= What to do =
Keep the pictures out. Write out every line of the listing exactly.

= Data extract =
---

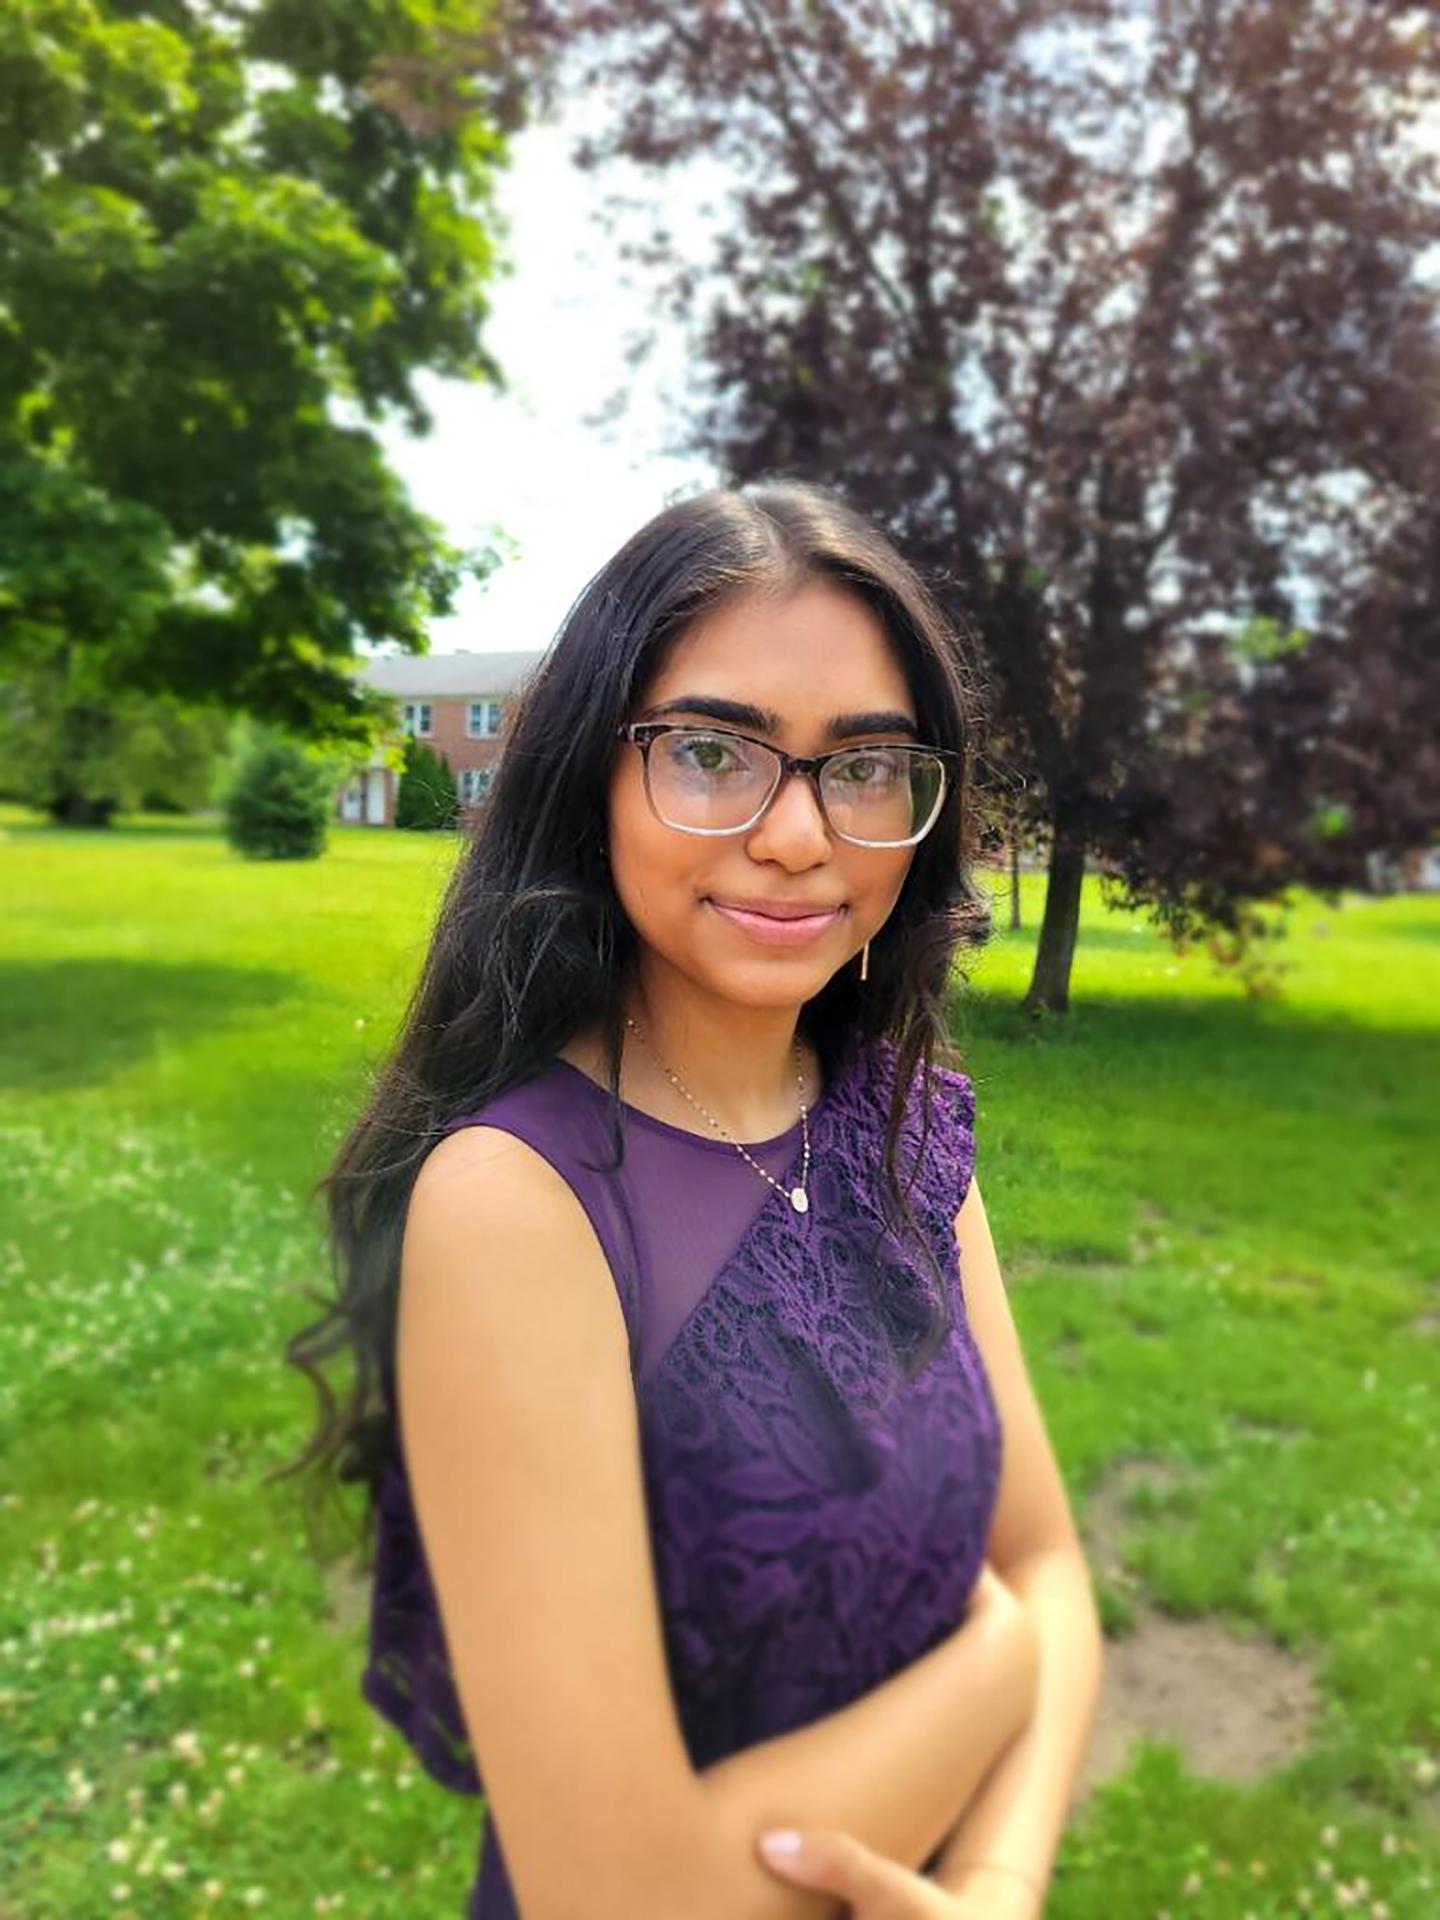 Shakshi Patel, Self-portrait, 2021
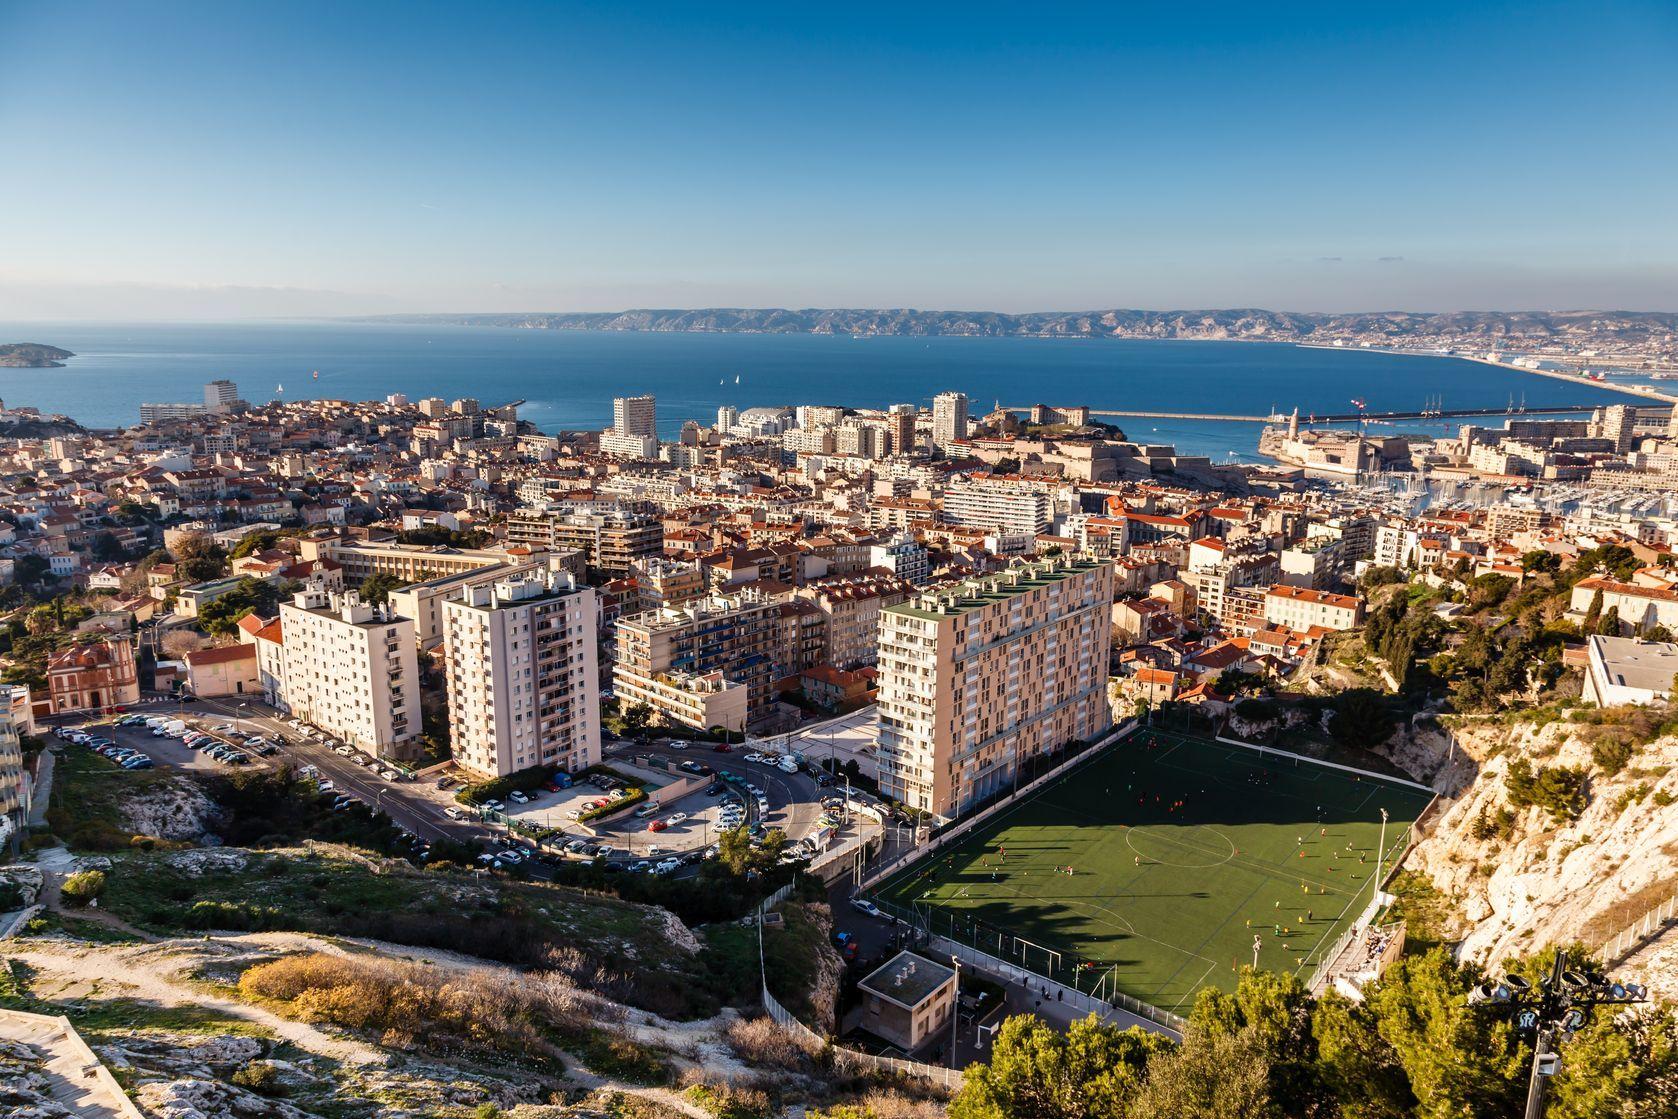 Letecký pohled na Marseille | anshar/123RF.com
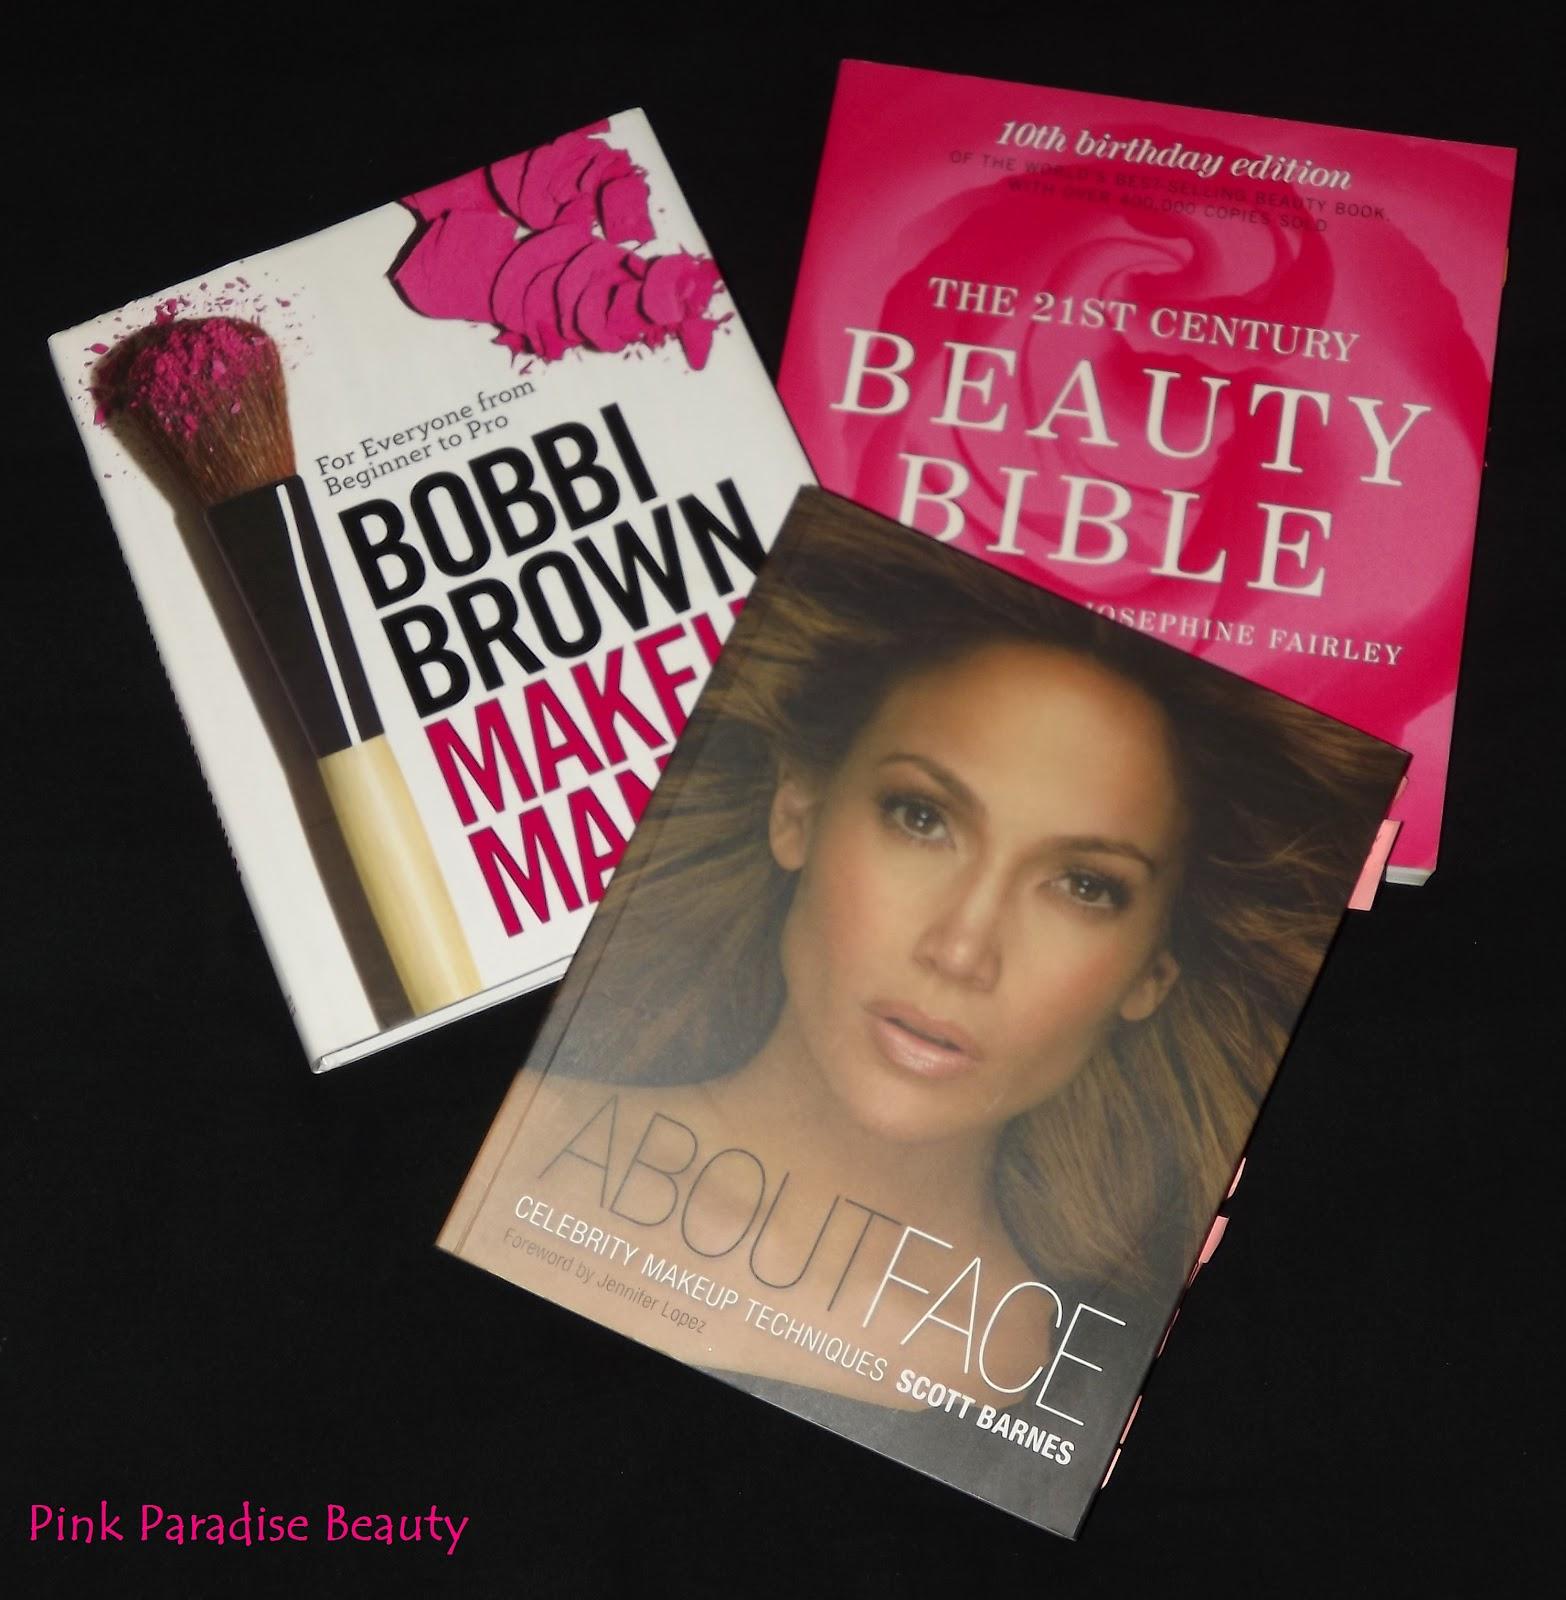 My Top 3 Beauty Books - Bobbi Brown, Scott Barnes, Beauty

---

= Task solution =
 Shakshi Patel, Self-portrait, 2021
 Letecký pohled na Marseille | anshar/123RF.com
 My Top 3 Beauty Books - Bobbi Brown, Scott Barnes, Beauty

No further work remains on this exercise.